Застигнутый врасплох Сонхва кивает, припоминая, что обещал матери вернуться. А она запомнила, и что теперь? Продолжать играть пару? А не пошлёт ли его Хони, который не обязан выполнять все прихоти клиента, пусть даже и за деньги? Ведь постель — это одно, а знакомиться под чужим именем и вести себя так, словно ты другой человек, совсем иное.
— Мы… постараемся, — выдавливает, проклиная себя за самовольство.
Отец кивает:
— Понимаю, сложно вот так сразу… мы с твоей мамой столько всего упустили, разругавшись с тобой. Но сам понимаешь, мы желали для тебя только лучшего.
— Я простил и забыл. Всё в порядке, не грузись.
И неожиданно замолкает, понимая, что это не совсем его слова. Но отец улыбается, обещая, что обязательно постарается.

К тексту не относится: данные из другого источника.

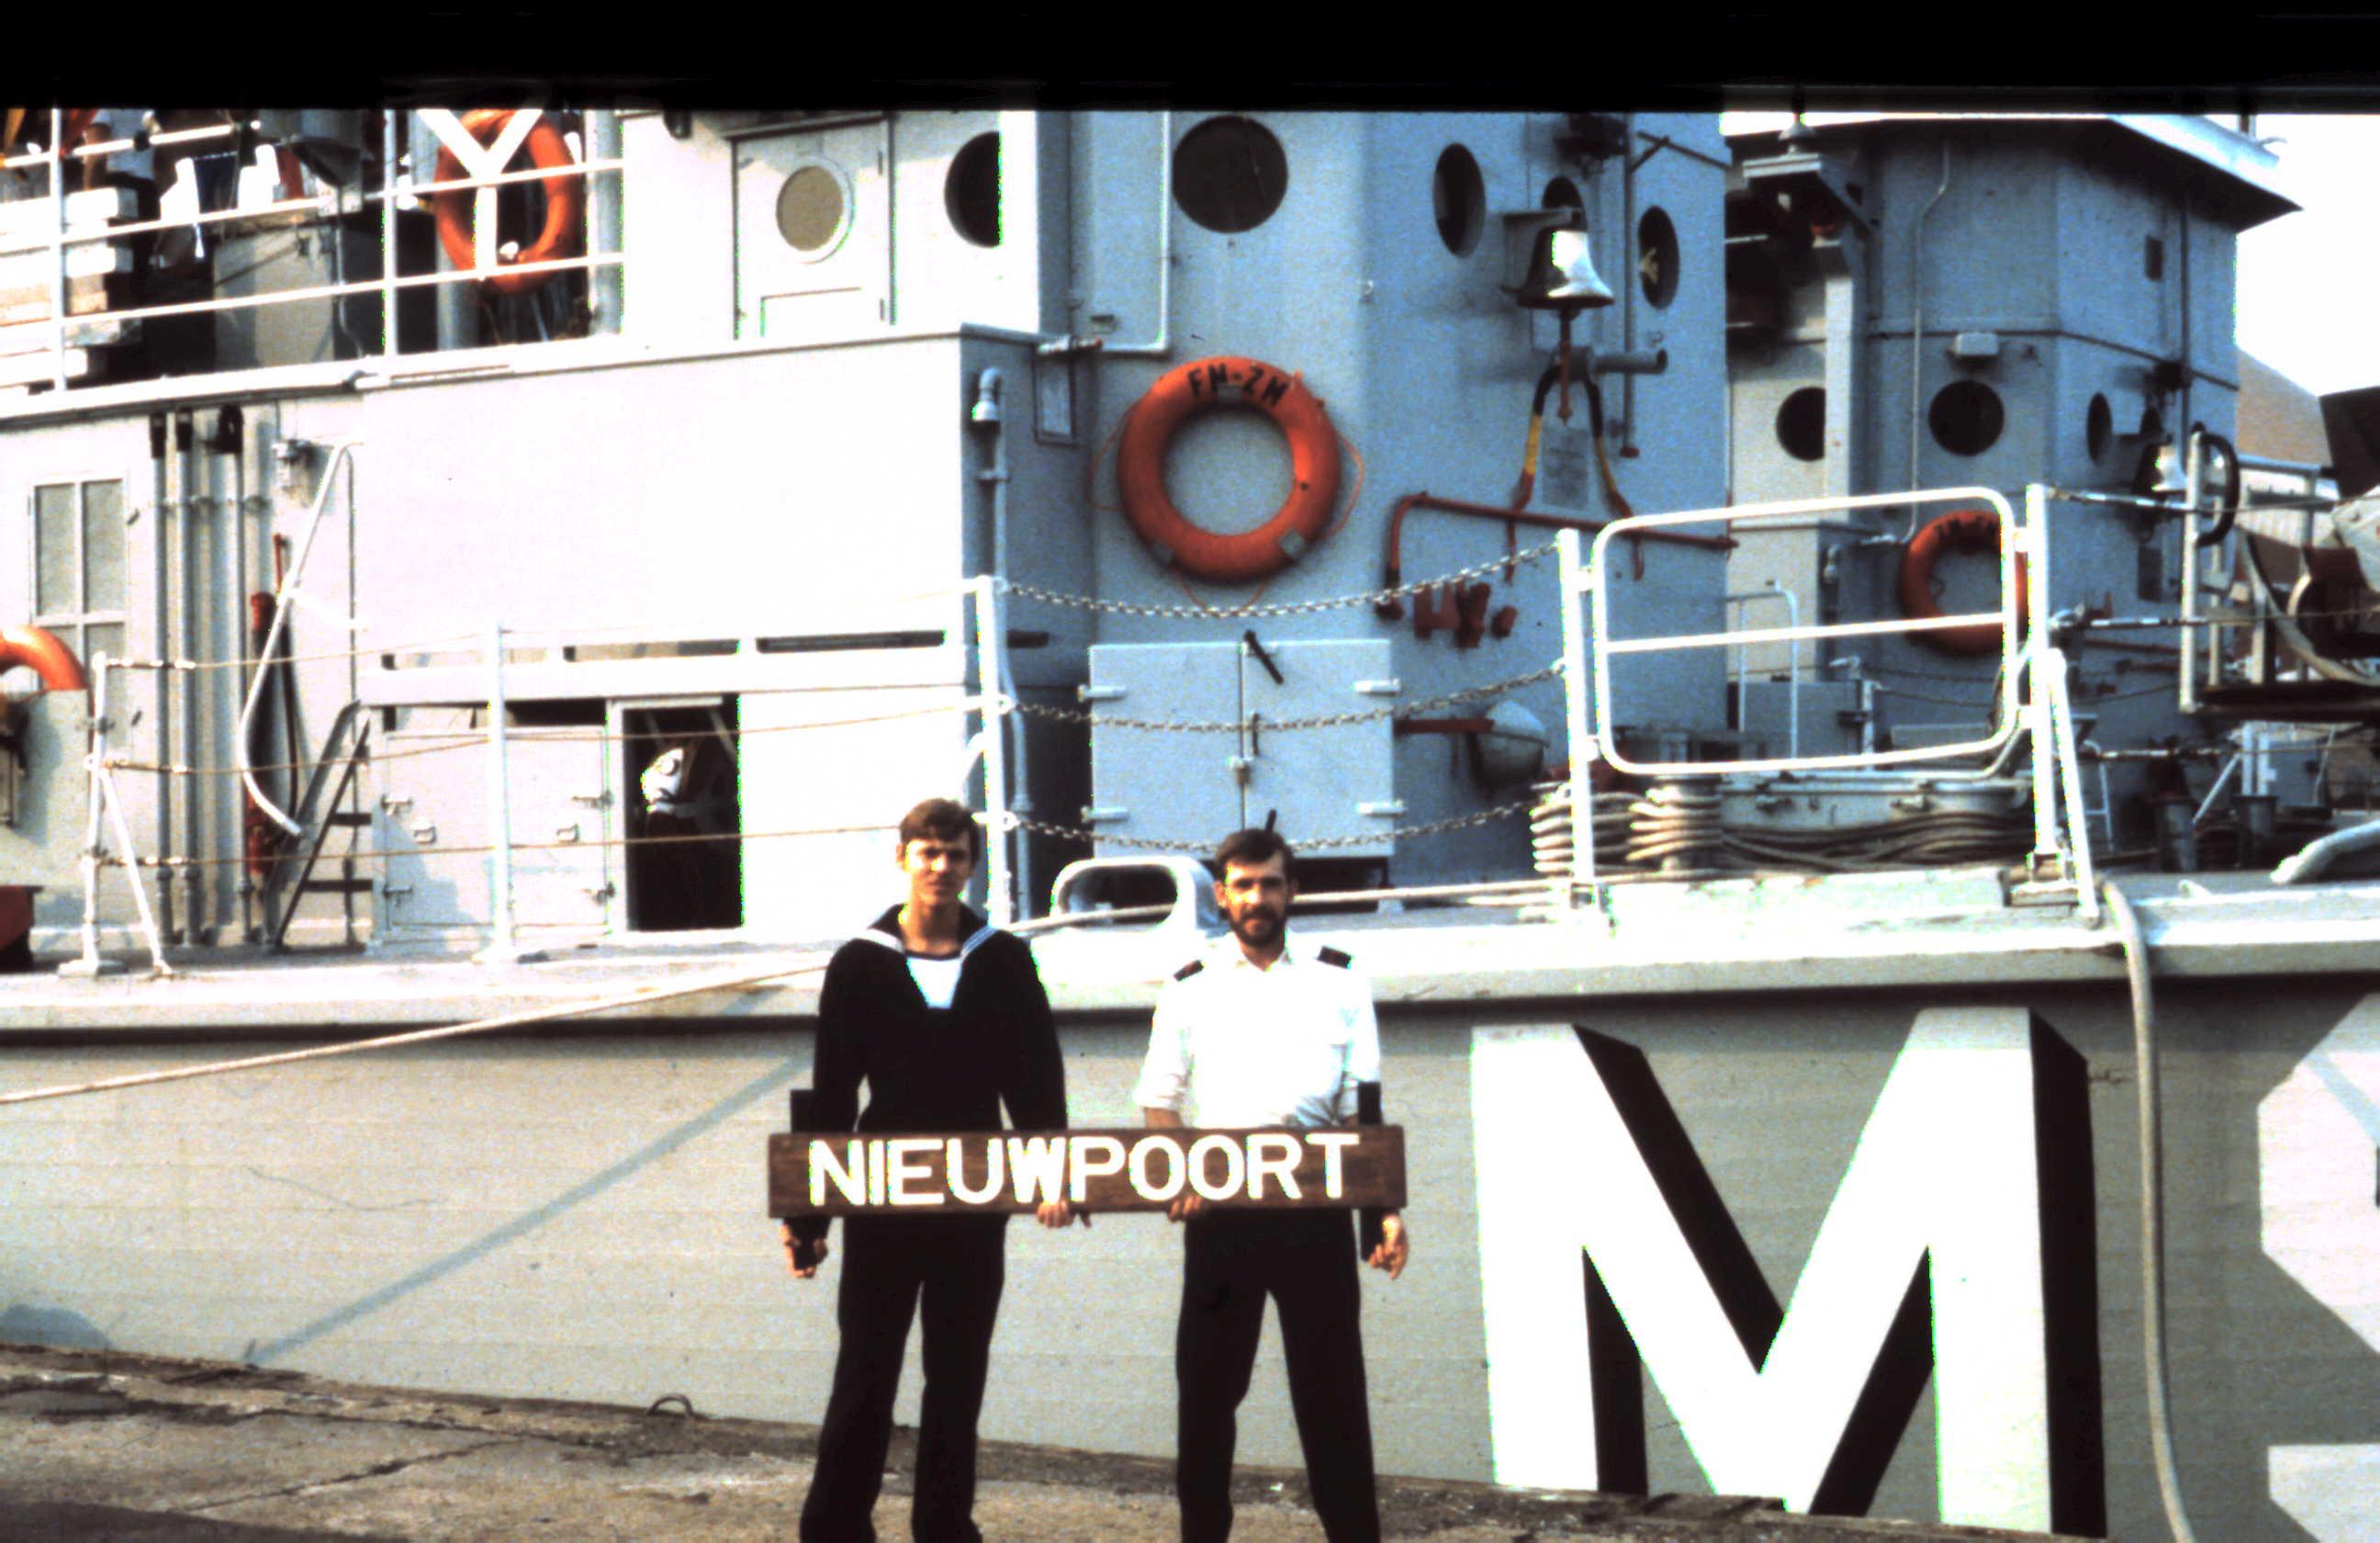 M932 Nieuwpoort - Page 2 1004210838101050245880077

Сонхва осознаёт, что Хони в его жизни становится слишком много. Но до сих пор не уверен, к лучшему ли такие перемены.
***
Над головой собираются тучи, причём не только физические: Уён капризничает, что друг игнорирует его, дуется и даже рычит, когда Сонхва звонит по дороге домой, чтобы совсем уж не расстраивать личность творческую и очень обидчивую.
— Ты меня злишь, господин Пак! Я понимаю, если бы ты был и впрямь занят, но ты же специально игнорируешь меня!
— Я и был занят. Очень сложный зуб, ещё клиент капризный.
— Как я?
— Тебя никому не превзойти, — и слышит довольный смех Уёна.
Они и познакомились несколько лет назад, когда это было ещё несносное дитя, которому теперь двадцать пять, а тогда — всего лишь восемнадцать. Только пару месяцев как переехал, знакомых было мало, и они разговорились после того, как этот несносный долбанул его ногой по бедру и поорал, потому что боялся сверлящего звука и вообще всех этих «предметов для пыток». Сетовал на то, что врач слишком молодой, что вода не такая, кабинет не тот, и вообще надо быстрее валить, пока не прирезали.
— Так вот, мы обязаны встретиться в воскресенье! У моего Санни день рождения, нам обязательно стоит отметить, а ты своего Хони приведёшь!
— Ты сговорился с моими родителями? — грустно усмехается Сонхва. — Они тоже захотели нас увидеть. Меня и… и Хёнсоля.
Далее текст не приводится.